* [WHAT TO WORK ON]: Write the line that contains "Minimalistic chic outfit" and each one after it, word for word, ending with the final line of the data.

* [DATASET]:
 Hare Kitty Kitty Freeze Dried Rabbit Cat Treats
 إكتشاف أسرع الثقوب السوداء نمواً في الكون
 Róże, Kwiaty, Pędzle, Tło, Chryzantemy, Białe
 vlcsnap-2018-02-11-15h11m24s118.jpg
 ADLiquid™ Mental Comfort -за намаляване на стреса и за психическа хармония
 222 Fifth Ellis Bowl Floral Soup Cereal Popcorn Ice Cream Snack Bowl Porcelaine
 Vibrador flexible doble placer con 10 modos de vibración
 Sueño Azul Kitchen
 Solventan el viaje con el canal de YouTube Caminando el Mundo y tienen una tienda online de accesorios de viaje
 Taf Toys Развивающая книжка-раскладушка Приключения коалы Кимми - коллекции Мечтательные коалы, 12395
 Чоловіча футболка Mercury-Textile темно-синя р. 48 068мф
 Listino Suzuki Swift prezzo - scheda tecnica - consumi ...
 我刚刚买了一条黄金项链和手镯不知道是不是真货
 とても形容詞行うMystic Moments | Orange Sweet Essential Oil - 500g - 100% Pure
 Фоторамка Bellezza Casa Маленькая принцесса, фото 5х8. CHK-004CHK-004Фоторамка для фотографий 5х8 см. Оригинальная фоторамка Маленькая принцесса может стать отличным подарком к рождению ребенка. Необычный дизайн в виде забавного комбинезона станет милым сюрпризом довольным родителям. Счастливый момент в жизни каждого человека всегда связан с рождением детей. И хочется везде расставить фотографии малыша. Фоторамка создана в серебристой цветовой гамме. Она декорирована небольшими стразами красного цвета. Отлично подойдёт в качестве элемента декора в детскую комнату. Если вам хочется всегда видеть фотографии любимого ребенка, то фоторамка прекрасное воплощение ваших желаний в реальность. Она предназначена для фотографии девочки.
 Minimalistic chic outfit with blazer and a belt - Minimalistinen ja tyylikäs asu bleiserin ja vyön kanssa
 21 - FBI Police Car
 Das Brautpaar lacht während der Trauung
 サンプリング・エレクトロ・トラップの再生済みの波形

* [ANSWER AREA]:
 Minimalistic chic outfit with blazer and a belt - Minimalistinen ja tyylikäs asu bleiserin ja vyön kanssa
 21 - FBI Police Car
 Das Brautpaar lacht während der Trauung
 サンプリング・エレクトロ・トラップの再生済みの波形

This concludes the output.